On May 1, 2013, I will attend and observe the court proceedings of the Maryland Court of Appeals in Annapolis. There are four cases on the docket: Attorney Grievance Commission v. Dean Clayton Kremer, AGC v. Jason Kobin, a family law, protective order and malicious prosecution case Joanna Anthony v. Peter Garrity and Ocean City, Maryland Chamber of Commerce Inc. v. Daniel J. Barufaldi. a case involving the reversal of a denial of an award of attorney’s fees in a wage payment and collection case. I will provide a recap of these cases’ arguments shortly after my “busman’s holiday” there.
I have no direct stake in any of the cases, but indirectly all four of the cases might impact me or my clients. All attorney discipline cases are relevant to every conscientious practitioner. I do not know of the allegations or dispositions regarding Messrs. Kremer or Kobin, though they presumably each underwent attorney discipline proceedings before a Circuit Court on delegation from the Maryland Court of Appeals. The family law case addresses among other issues the question of whether a protective order gives “probable cause” as a matter of law to call 911 when the subject of the order is on the street near property from which he is barred. In this context, “probable cause” refers not to the criminal standard for arrest but for the Maryland malicious prosecution element of lack of probable cause. I have litigated malicious prosecution claims only once in my career; the Maryland standard is fairly difficult for the plaintiff to meet in practice.

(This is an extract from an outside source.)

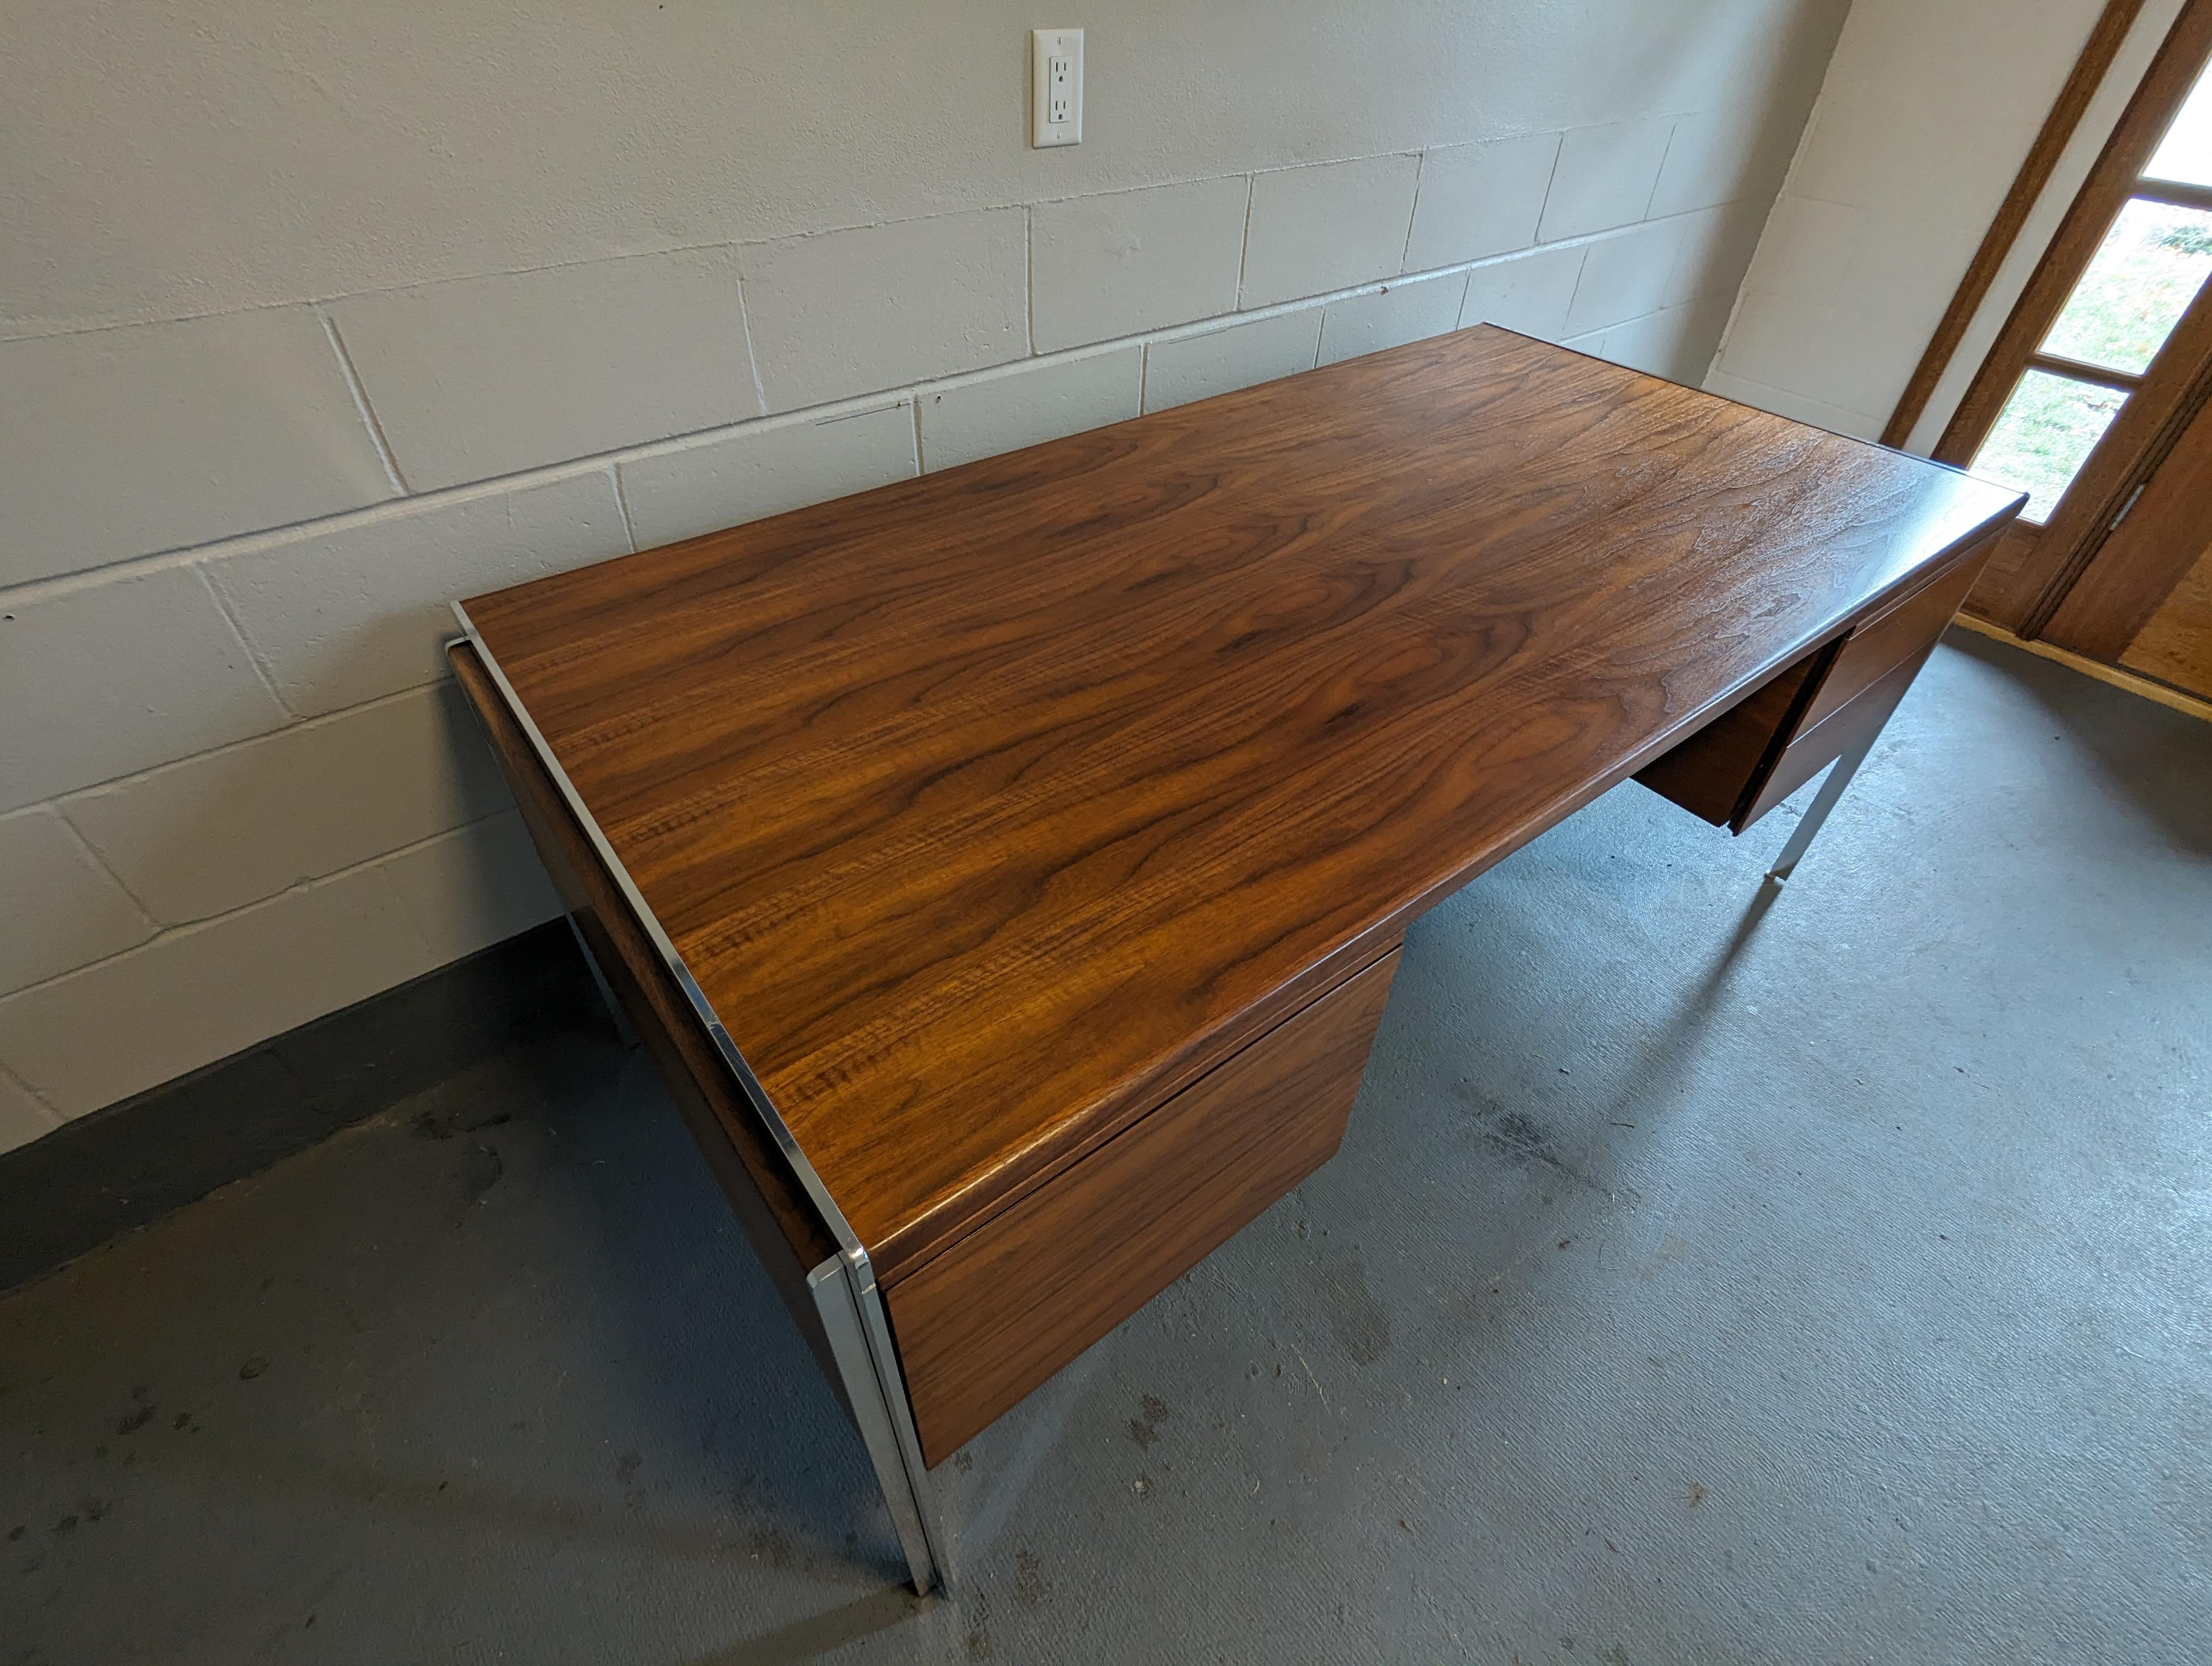 Walnut Executive Desk by Alexis Yermakov for Stow Davis In Good Condition For Sale In Cedar Falls, IA
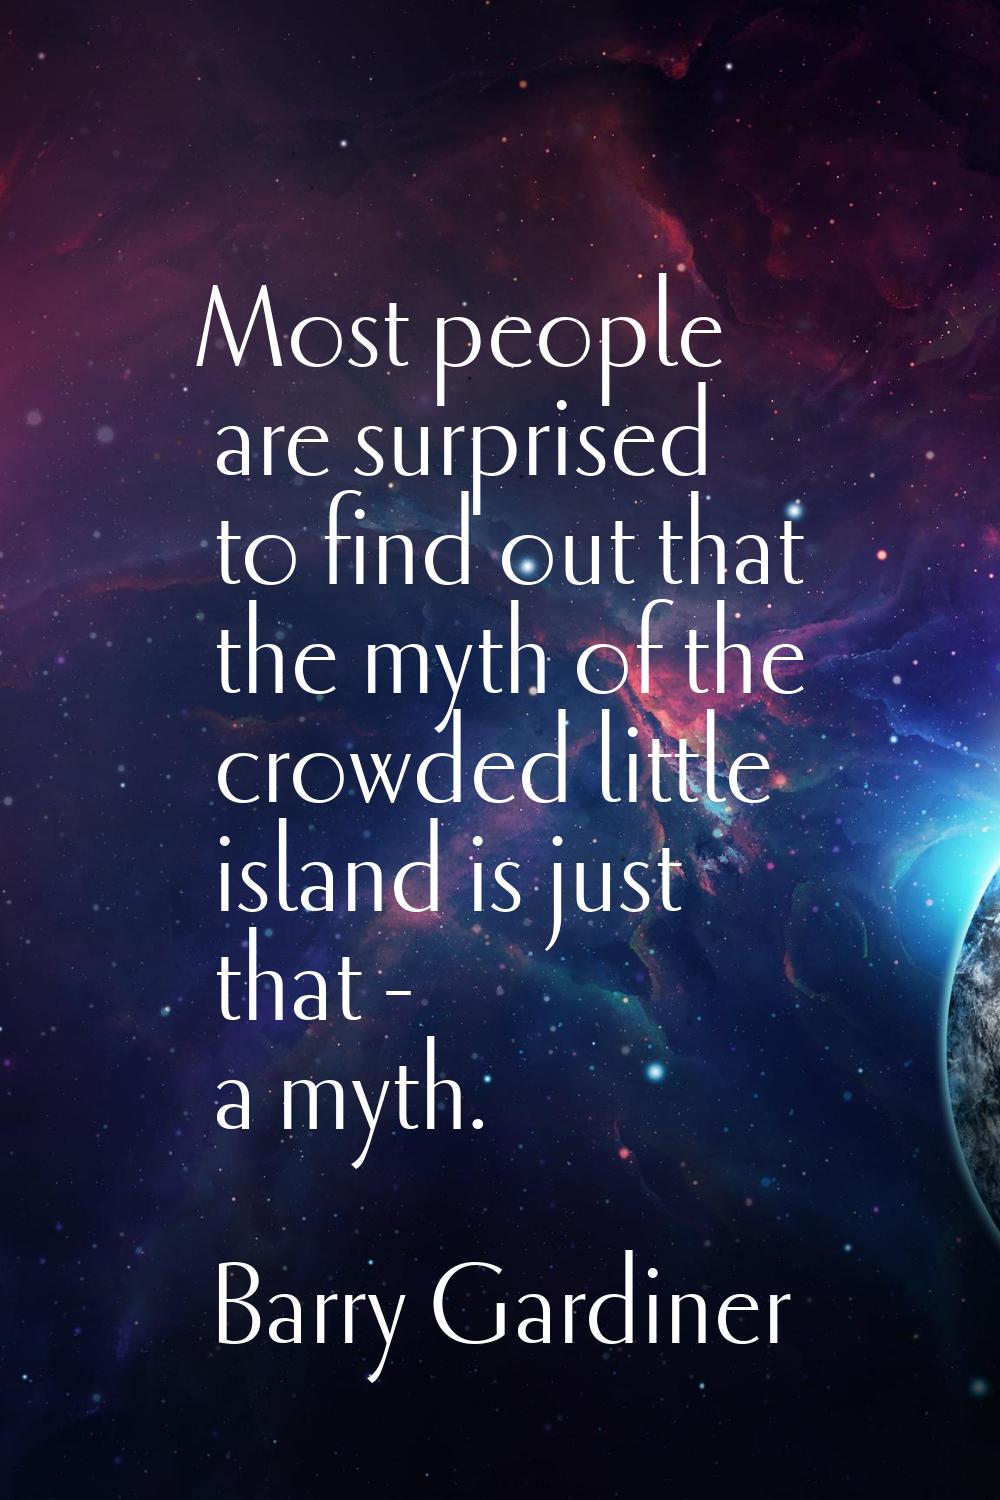 Most people are surprised to find out that the myth of the crowded little island is just that - a m

The Barufaldi case has most interest to my practice at least indirectly. I handle claims under the Maryland Wage Payment and Collection Law routinely including at this moment in several courts. The threat of attorney’s fees to a prevailing plaintiff is in practice an important motivator for the employer to pay the undisputed claim, along with the serious risk of a triple (or, most precisely for the sake of the pedantic Francophone snob, “treble”) damages claim. Arguably one is better off paying any other debt or expense only after paying workers’ wages because very few other debts – even taxes – will explode into a 3x+attorney’s fees nightmare. The issue of what scope a trial court has to deny an attorney’s fee award is directly on point before the Court of Appeals. The worker is represented by Philip Zipin, Esquire of Silver Spring; while his firm more often represents workers, I represented a worker against an associate of his in an unemployment hearing about 2 years ago and respected that associate highly for her professionalism and diligence.
The weather should be nice that day, which means that a walking trip down Rowe Boulevard to Chick and Ruth’s Deli on Main Street will probably be in the cards. Although I have participated in part of an appeal to the Maryland Court of Special Appeals, my practice has not involved advocacy before the Maryland Court of Special Appeals. I was last before the seven Judges in red robes (unique in the United States, it is said) at my swearing-in in December 1994.